I have reannotaed with prokka-1.13.3 and get the same error. Now we're installing the latest version on the cluster and I'll give that a go but I was wondering if you were expecting one contig chromosomes?

Thanks,

Matt

flass commented 4 years ago

Hi Matt,

Okay, so it seems that it is not an old feature of prokka, only one I have not come across before! this is possibly because you have closed contig assemblies and that it is documented somewhere - which I hadn't in my test datasets. You should surely not be penalised for that!

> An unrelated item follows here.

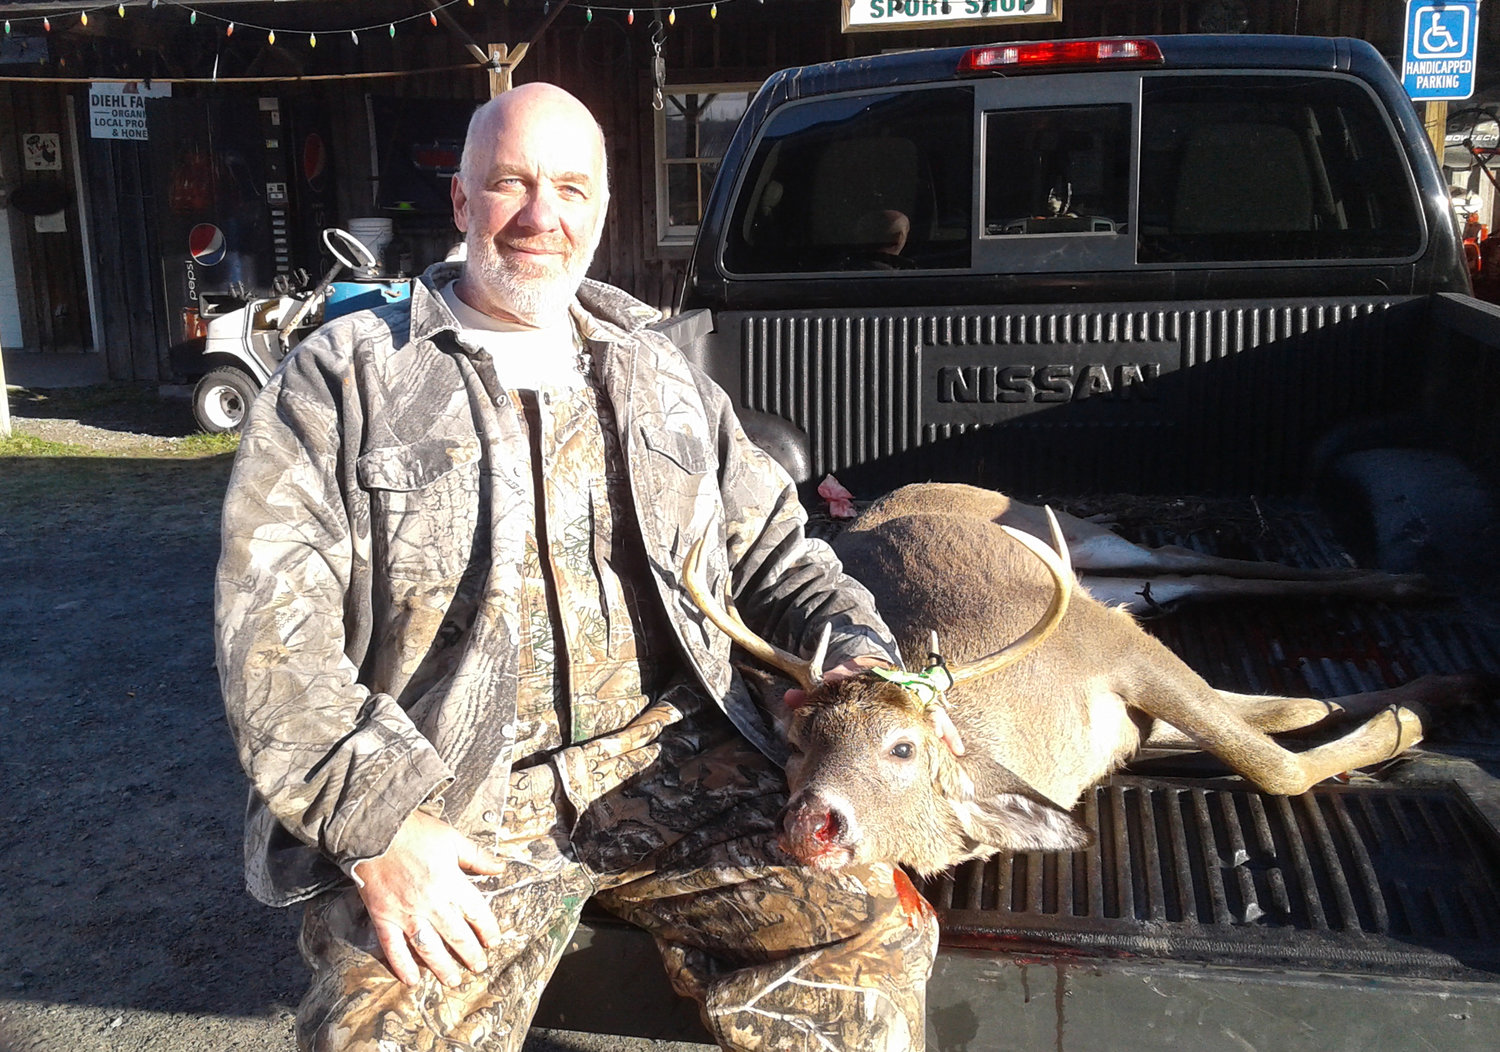 Jim Caruso of Youngsville harvested this buck that scored a 56.75. The 8-pointer weighed 135 pounds and was taken in the Town of Callicoon on November 20. The buck has 16 and 16.25-inch beams to go along with a 16.5-inch spread.

While those are the contig names, prokka names them following the value passed to its --locustag argument, i.e. the locus_tag_prefix field in the strain_info_database.txt file. Really, this is a dirty hack on my side to get this information back from the annotation files, but I should find a way proceed in a cleaner way. The fix I provided in f42134d should work in your case but may fail if the chromosome is the only contig present (this may happen!). I'll update on the final fix here. Let me know in the meantime how running with the last pantagruel version goes.

NB: as explained in #27, you don't need to ask your admins to install a new version of the pipeline every time there is a code update: you can clone the git repository into you home folder where you have r/w permissions, and use the scripts from there. if you do that, please make sure to run the following commands on the first time:

cd /where/to/clone/your/own/pantagruel/
git clone https://github.com/flass/pantagruel.git
cd pantagruel/
git submodule init
git submodule update 

and then for updates to run the couple commands:

cd /where/to/clone/your/own/pantagruel/pantagruel/
git pull
git submodule update 
mattbawn commented 4 years ago

Hi Florent.

Thanks for your help. I may be missing something but I thought in the above case the locus_tag is C134 i.e: 'locus_tag=C134_00001', and the chromosome tag is: C_134. so different. I think this is confusing Pantagruel, could it not just ignore the ## lines?

Thanks,

Matt

flass commented 4 years ago

I realise that your genomes have not been annotated with prokka as part of Pantagruel, or have they? That'd be why they don't behave as I expect them to do... anyway clearly I need to do something else for that particular part. I should be back with it soon.

flass commented 4 years ago

This issue should now be fixed with commit 556b44c.

flass commented 4 years ago

also I found out where the top part of errors came from:

readlink: missing operand
Try 'readlink --help' for more information.
dirname: missing operand
Try 'dirname --help' for more information.
dirname: missing operand
Try 'dirname --help' for more information.

These unspecific errors occur in make_prokka_ref_genus_db.sh when prokka is not installed on the server. These errors are irrelevant when you provide you own annotations of the custom assemblies. Now they come as a specific warning first, and as a specific error when you really do need prokka (commit 4867c04).